JOHN PARKIS, PLAINTIFF,
v.
ARROW FINANCIAL SERVICES, LLS AND BLATT, HASENMILLER, LEIBSKER & MOORE, LLC, DEFENDANTS.



The opinion of the court was delivered by: Honorable David H. Coar

MEMORANDUM OPINION AND ORDER

Before this Court is Plaintiff s motion for class certification; Plaintiff's motion for summary judgment; Defendant Arrow's motion for summary judgment and Defendant Blatt's motion for summary judgment. For the reasons set forth below, Plaintiff's motion for class certification is DENIED; Plaintiff's motion for summary judgment is GRANTED as to the five year statute of limitations period and DENIED as to the FDCPA violation; Defendant Blatt's motion for summary judgment is GRANTED as to improper venue; and Defendants Blatt and Arrow's motions for summary judgment are DENIED as to all other claims.

I. FACTS

John Parkis is a resident of Illinois, having resided in Rockford, Illinois since August 2003. Parkis brings this action for violation of the Fair Debt Collection Practices Act, 15 U.S.C. §1692 ("FDCPA") against Arrow Financial Services, LLC and Blatt, Hasenmiller, Leibsker & Moore. Arrow Financial Services, LLC ("Arrow") is a limited liability company that engages in the business of buying bad debts allegedly owed by consumers and enforcing the debts against the consumers. Arrow is a debt collector as defined by the FDCPA. Blatt, Hasenmiller, Leibsker & Moore ("BHLM" or "Blatt") is a law firm with offices in Chicago. BHLM's practice consists primarily of the collection from consumers of debts allegedly owed to others, through use of mail, telephones and legal proceedings. BHLM is a debt collector as defined by the FDCPA.
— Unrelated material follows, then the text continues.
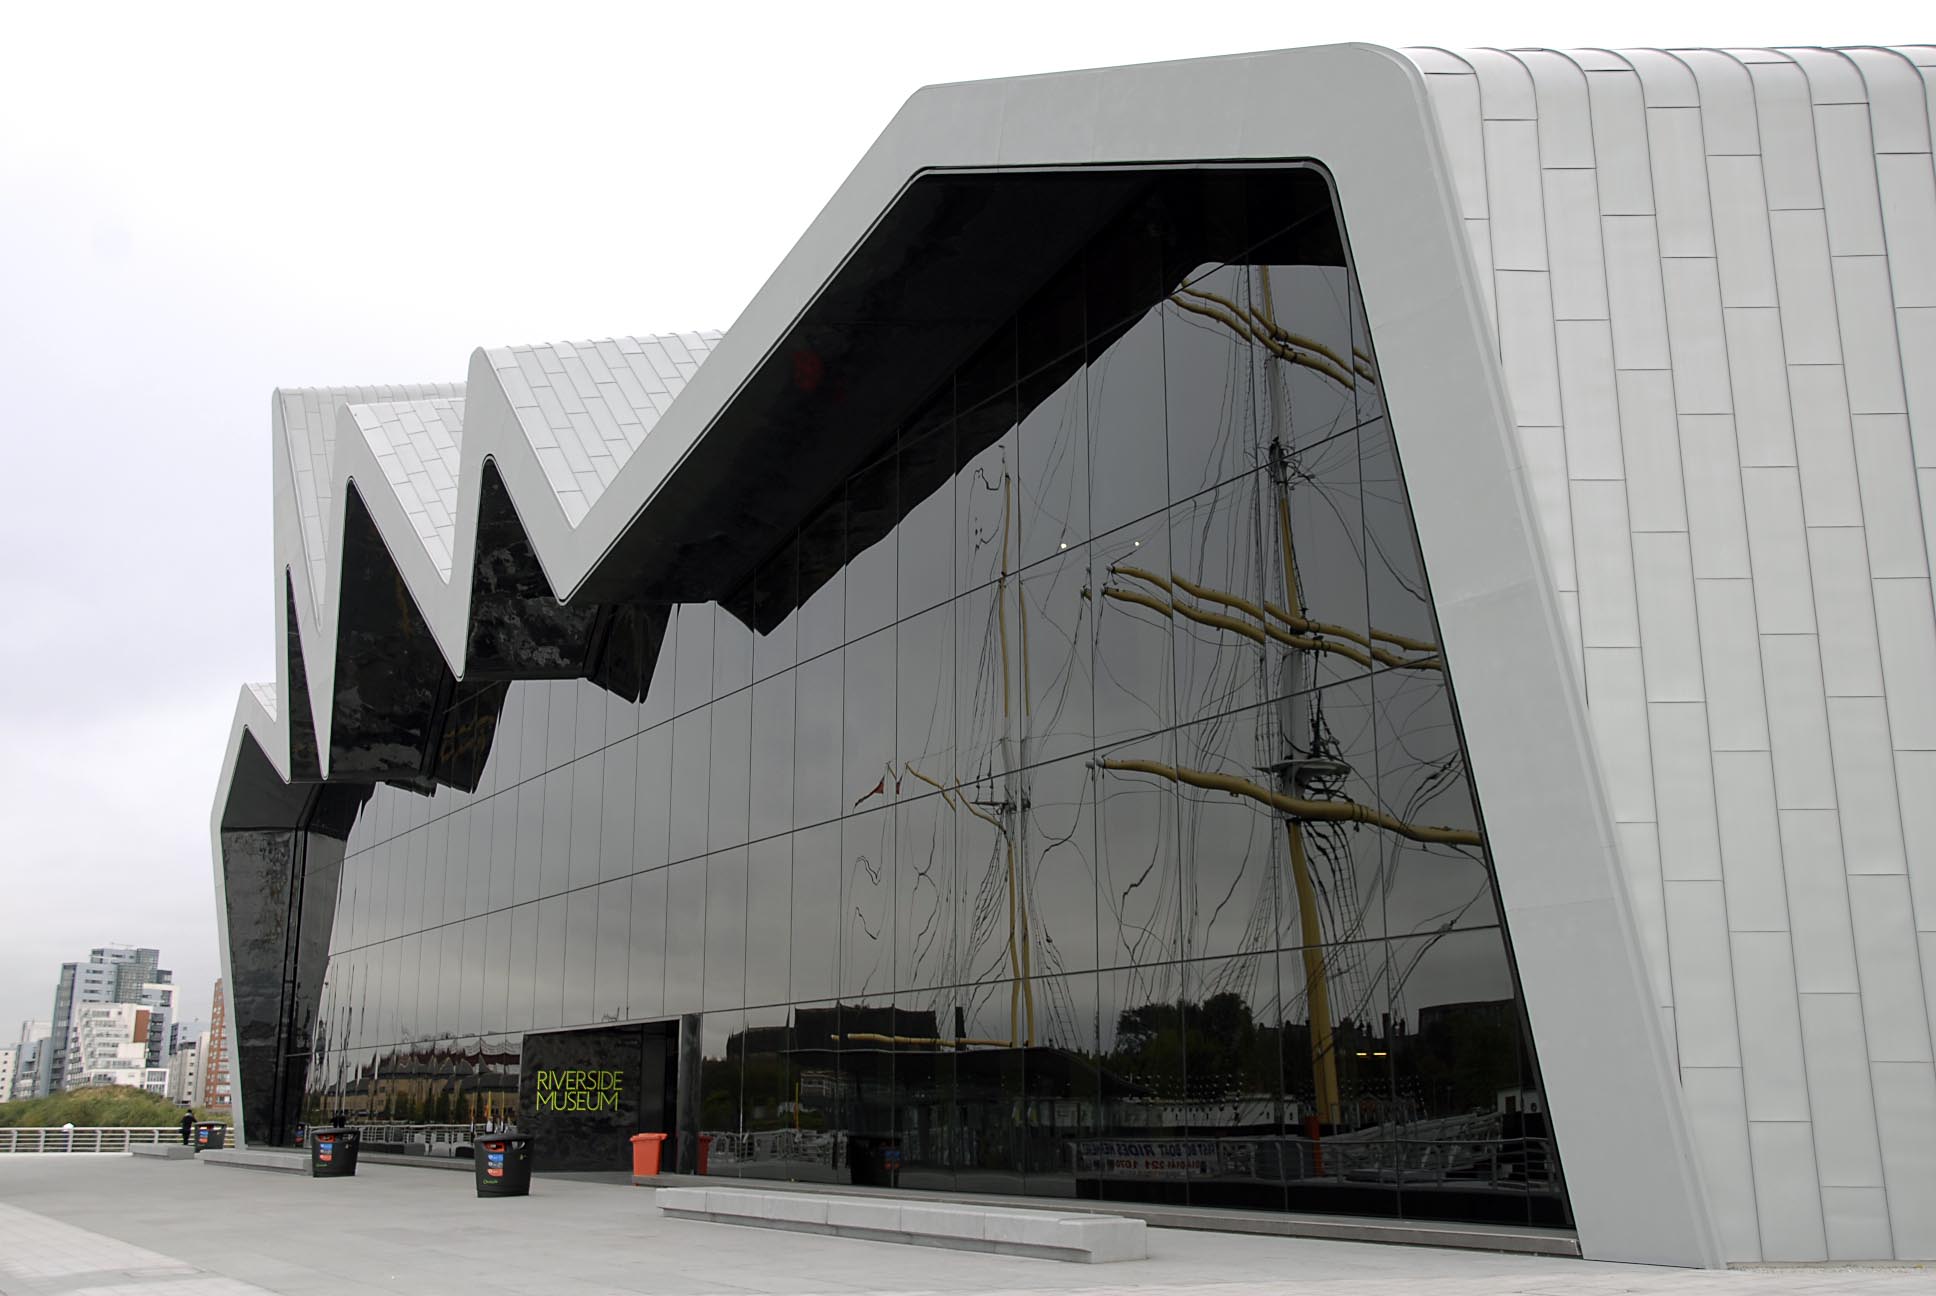 Музей Риверсайд в Глазго. Первый крупный инновационный архитектурный проект Захи Хадид в Великобритании.

On or about July 9, 1999, Arrow acquired the right to collect a credit card debt allegedly owed by Plaintiff to Fleet Bank Services Corporation ("the Debt"). Plaintiff obtained the Fleet credit card when he resided in California in the 1990s. Plaintiff claims that according to Arrow's Collection Notes and Arrow's Vice President Brian Cutler's deposition, the last payment Plaintiff made on the Fleet credit card account was prior to July 9, 1999. The Debt was "charged-off"*fn1 on or about November 15, 1995. When Arrow acquired the Debt, it did not obtain documentation, such as monthly statements or credit applications, for Plaintiff's account from Fleet Bank Services Corporation, because Fleet did not have the documentation available.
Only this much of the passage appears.